Luboinski J, Beaugerie L, Lamy P, Cosnes J, Gendre J P, Le Quintrec Y
Service d'Anatomie Pathologique, Hôpital Rothschild, Paris.
Gastroenterol Clin Biol. 1996;20(10):838-43.
The aim of the study was to test the hypothesis that some patients with functional diarrhea could actually suffer from a mild clinical pattern of collagenous or lymphocytic colitis.
Twenty consecutive patients with chronic diarrhea were included in the study if the colonic mucosa appeared normal during colonoscopy. From multiple colonic biopsies were established a conventional histological diagnosis and a quantitative histological diagnosis. This latter diagnosis was based on the semiquantitative evaluation of epithelial morphological alterations and lamina propria monocellular infiltration, and on the determination of both intraepithelial lymphocyte count and subepithelial collagen layer thickness. Multiple colonic biopsies from 12 control patients without diarrhea were analyzed according to the same protocol.

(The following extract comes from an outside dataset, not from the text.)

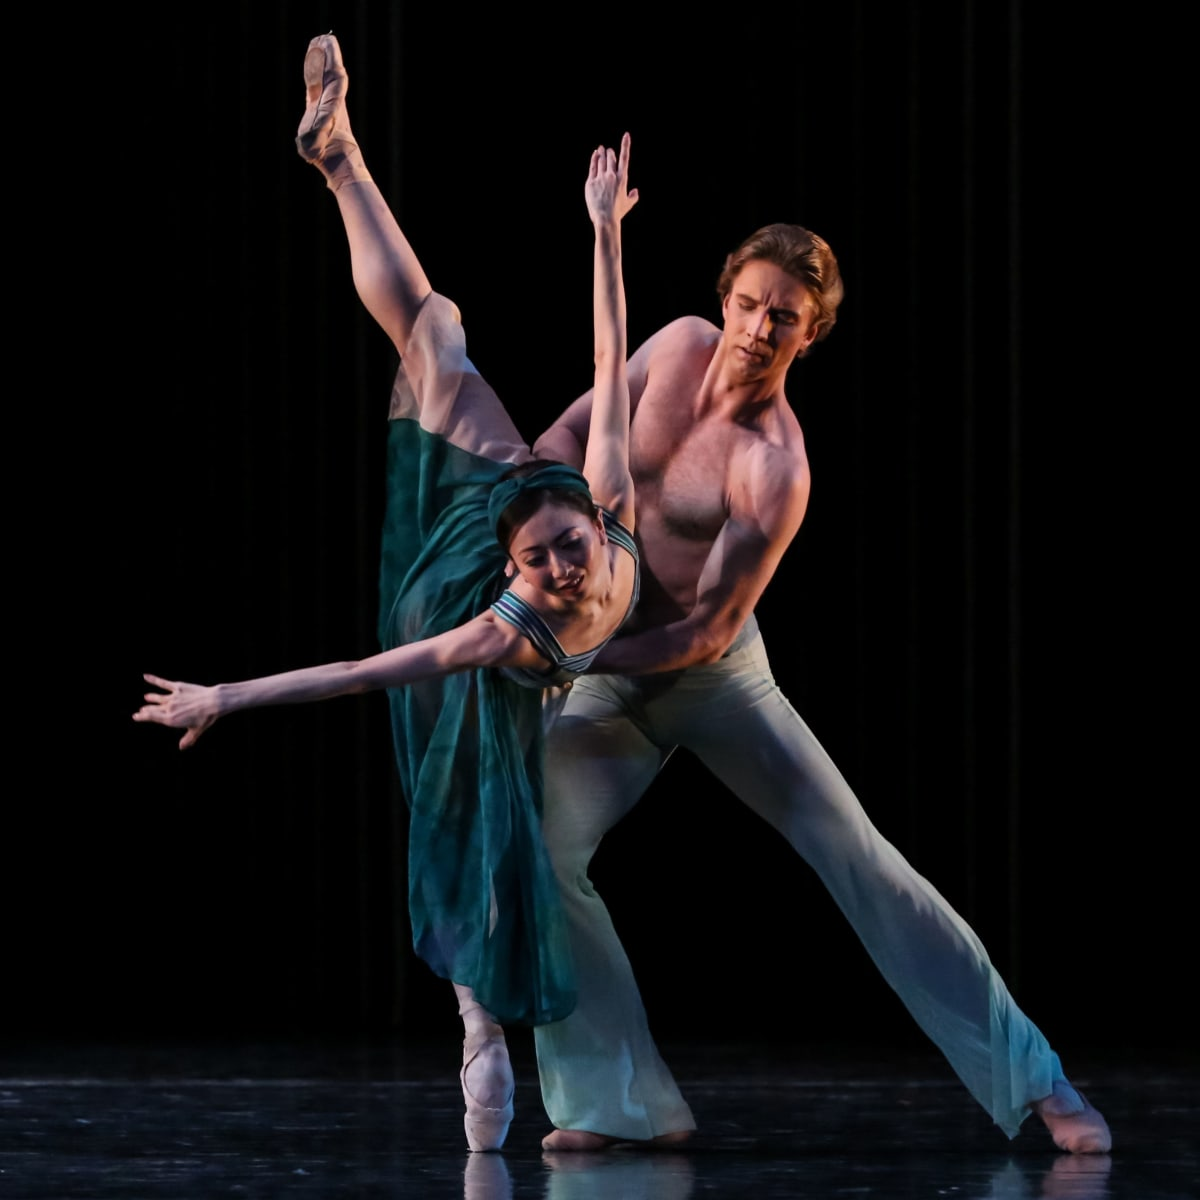 Yuriko Kajiya and Linnar Looris in Houston Ballet Tapestry

Among the 20 patients with diarrhea, the quantitative diagnosis of collagenous colitis was made in 3 patients (thickness of the collagen band between 11 and 26 microns) and the diagnosis of lymphocytic colitis in one (21% of intraepithelial lymphocytes). The percentage of intraepithelial lymphocytes did not differ between the 16 remaining patients and the controls (12 +/- 5% and 9 +/- 4%, respectively). Similarly, the score of surface epithelial damage and the score of lamina propria infiltration in patients with diarrhea (1.2 +/- 1.0 et 1.7 +/- 1.5) were not different from the values in the control group (1.3 +/- 1.3 et 1.5 +/- 1.2). The mean fecal weight in patients with diarrhea but without colitis was 161 +/- 130 g/d. All the values of fecal weight were below 300 g/d, except in one patient with a past history of truncular vagotomy.
These results suggest that most of the patients with functional diarrhea do not suffer from mild clinical patterns of collagenous or lymphocytic colitis.
本研究旨在验证以下假设,即部分功能性腹泻患者实际上可能患有轻度的胶原性或淋巴细胞性结肠炎临床症状。
若结肠镜检查时结肠黏膜外观正常,则将连续20例慢性腹泻患者纳入研究。通过多次结肠活检进行常规组织学诊断和定量组织学诊断。后者的诊断基于上皮形态改变和固有层单细胞浸润的半定量评估,以及上皮内淋巴细胞计数和上皮下胶原层厚度的测定。按照相同方案对12例无腹泻的对照患者的多次结肠活检进行分析。
在20例腹泻患者中,3例被诊断为胶原性结肠炎(胶原带厚度在11至26微米之间),1例被诊断为淋巴细胞性结肠炎(上皮内淋巴细胞占21%)。其余16例患者与对照组之间上皮内淋巴细胞百分比无差异(分别为12±5%和9±4%)。同样,腹泻患者的表面上皮损伤评分和固有层浸润评分(1.2±1.0和1.7±1.5)与对照组的值(1.3±1.3和1.5±1.2)无差异。无结肠炎的腹泻患者粪便平均重量为161±130克/天。除1例有迷走神经干切断术病史的患者外,所有粪便重量值均低于300克/天。
这些结果表明,大多数功能性腹泻患者并未患有轻度的胶原性或淋巴细胞性结肠炎临床症状。